So, this has not been an easy transition. But I have come to believe 
that anyone who studies "kabbalah" must be prepared to be changed by it.  
Those who think they can "head-trip" this learning without also doing - 
observing Halacha and Mitzvot, etc. - can easily become like the 
academic "Bible scholars":  "accountants" of the tradition who know were 
all the wisdom is but who are unable to experience or really know it for 
themselves.  (There is a quotation about academic "kabbalists" by Rabbi 
Joseph Telushkin that I am paraphrasing here.)  I believe that this sort 
of non-doing, purely analytic "kabbalah" is exactly what Mishneh Ain 
Dorshin (BT Hagiga) was warning against with its strong statement about 
"mystakel" (speculation.)

Now, for your other (numbered) questions:
1. What is the source for the meanings that I quote for the letters 
Alef, Dalet, Mem(final)?  Do these letters have the same meanings in 
"dam" (Dalet-Memfinal) and in "Im" (Alef-Memfinal) and what is the 
significance of these words?

The source of the meanings I quote from includes traditional meanings 
for the letter names (as given by Rabbis Munk, Kaplan, Ginsburgh, etc.), 
and as they have been abstracted on the logical meaning matrix we have 
derived.  Our matrix assigns meanings to each letter based on their 
positions in an topologically minimal "life-cycle" or cycle of self-
organization that we have found maps onto (corresponds one to one with) 
the traditional meanings.

This message is already much too long, so I will leave the full matrix 
and a comparison chart with traditional letter names for a later 
posting.  (If anyone interested sends me your usmail address, we will 
send you printed materials that include this information.)

"DaM" is the common word for "blood."   Letter by letter, AT THE 
TOPOLOGICAL LEVEL, Dalet means to divide or dispense (as at a DeLTa) and 
Mem (final) refers to "the great expanse".  Final Mem terminates the 
masculine plural suffix for this same reason.  It makes (actually, it 
"hands" - Yod) the masculine singular word into an expanse.  (This is 
also why it is incorrect to translate Elokim as if it were plural.  
Elokim is Elok - expressed in the expanse of the world, it is in no way 
plural.)  So DaM refers to a dispensing expanse, or a dispensation into 
an expanse.  We know that our blood (along with lymph, etc.) is a kind 
of sea that we internalized as we became multicelled creatures. 

Similarly, Alef-Mem(final) refers to an archetype or generalization 
(Alef) of an expanse (Mem final).  This could refer to a mother or to a 
mother's womb.  Another meaning for Mem is "source" - that FROM which 
something comes - and that, as a final, can refer to the womb.
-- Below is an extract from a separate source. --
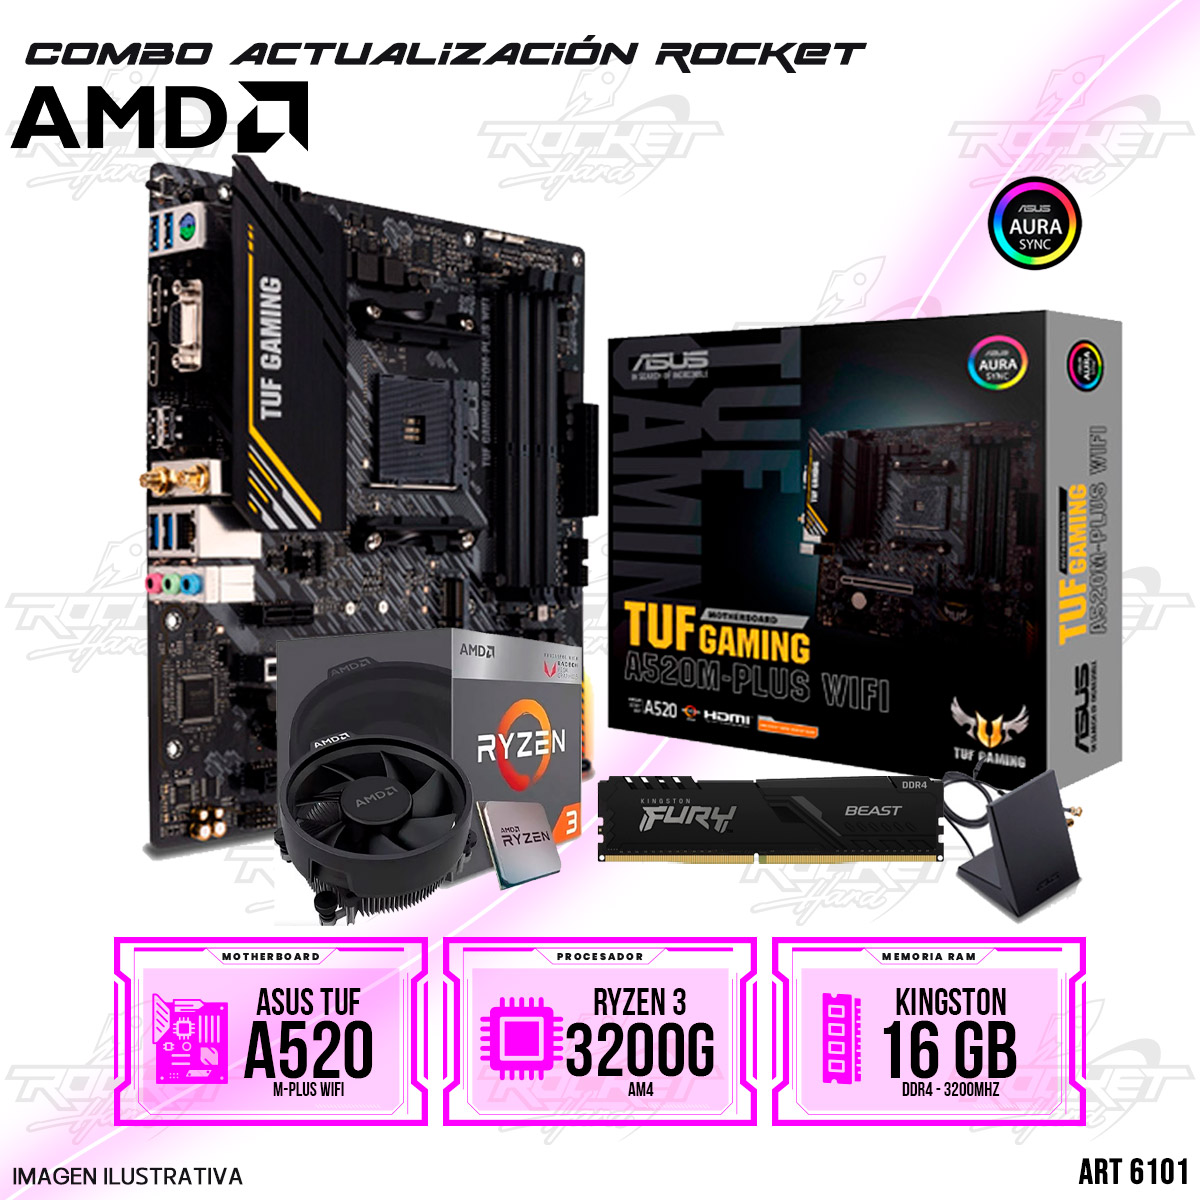 COMBO ROCKET AMD RYZEN 3 3200G - A520 WIFI - 16GB RAM

So, yes, the same letters have the same TOPOLOGICAL meanings in nearly 
all words (no theory involving human understanding can ever be perfect 
and exact).  This is even true for all non-Hebrew words if they can be 
accurately transliterated into Hebrew spelling.  (This cannot always be 
done without ambiguity.)

But, no, the same letters do not have the same meanings in particular 
vernacular embodiments.  The embodiments are the result of our free 
will, the letter meaning matrix can only provide the theoretical, 
operational meanings.  We get to choose how they are embodied.  
Different cultures use different embodiments, but all language, at the 
topological level, may have to be based on the Hebrew alphabet system.  
This can help to explain how there could really have been a truly 
universal language lost at the "Tower of Babel."

2. What is the source of the terms 'letter'. 'story', 'hint' and 
'discussion' for sod, pshat, remez and drash?
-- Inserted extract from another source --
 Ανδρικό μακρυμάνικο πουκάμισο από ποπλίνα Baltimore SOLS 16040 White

I usually list them in PaRDeS order because that gives the proper sense 
of their relationship.  In my Ben Yehuda, Pshat is "simple" or "plain" 
meaning, the story or narrative meaning; Remez means 'hint' ; Drash 
refers to questioning and interpretation (also in the dictionary); Sod, 
related to YeSod, foundation, refers to the deepest levels of the Torah 
which includes the letters sequences.  I am somewhat surprised that you 
asked for the meaning of these words.  I have been led to believe that 
the meanings I quoted were common knowledge.  Is this not so?
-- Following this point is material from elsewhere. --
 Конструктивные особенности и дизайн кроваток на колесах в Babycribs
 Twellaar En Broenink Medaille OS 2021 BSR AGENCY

3. Does my saying that "when we look at all levels of the creation 
story, we find the simplest literal meaning can be misleading" come from 
my personal experience, or is it theory?

The answer MUST be both or I would not have the chutzpah to propose or 
present these ideas.  If I have had no personal experience, then this 
work is truly "mystakel", speculation, in the pejorative and prohibited 
sense given in Ain Dorshin.  Yes, these ideas must be experience based.  
That is why it is natural and fitting that the letters correspond to 
hand gestures.  Hand gestures are a primary experiential medium for 
humans.  And they have nearly universal meaning.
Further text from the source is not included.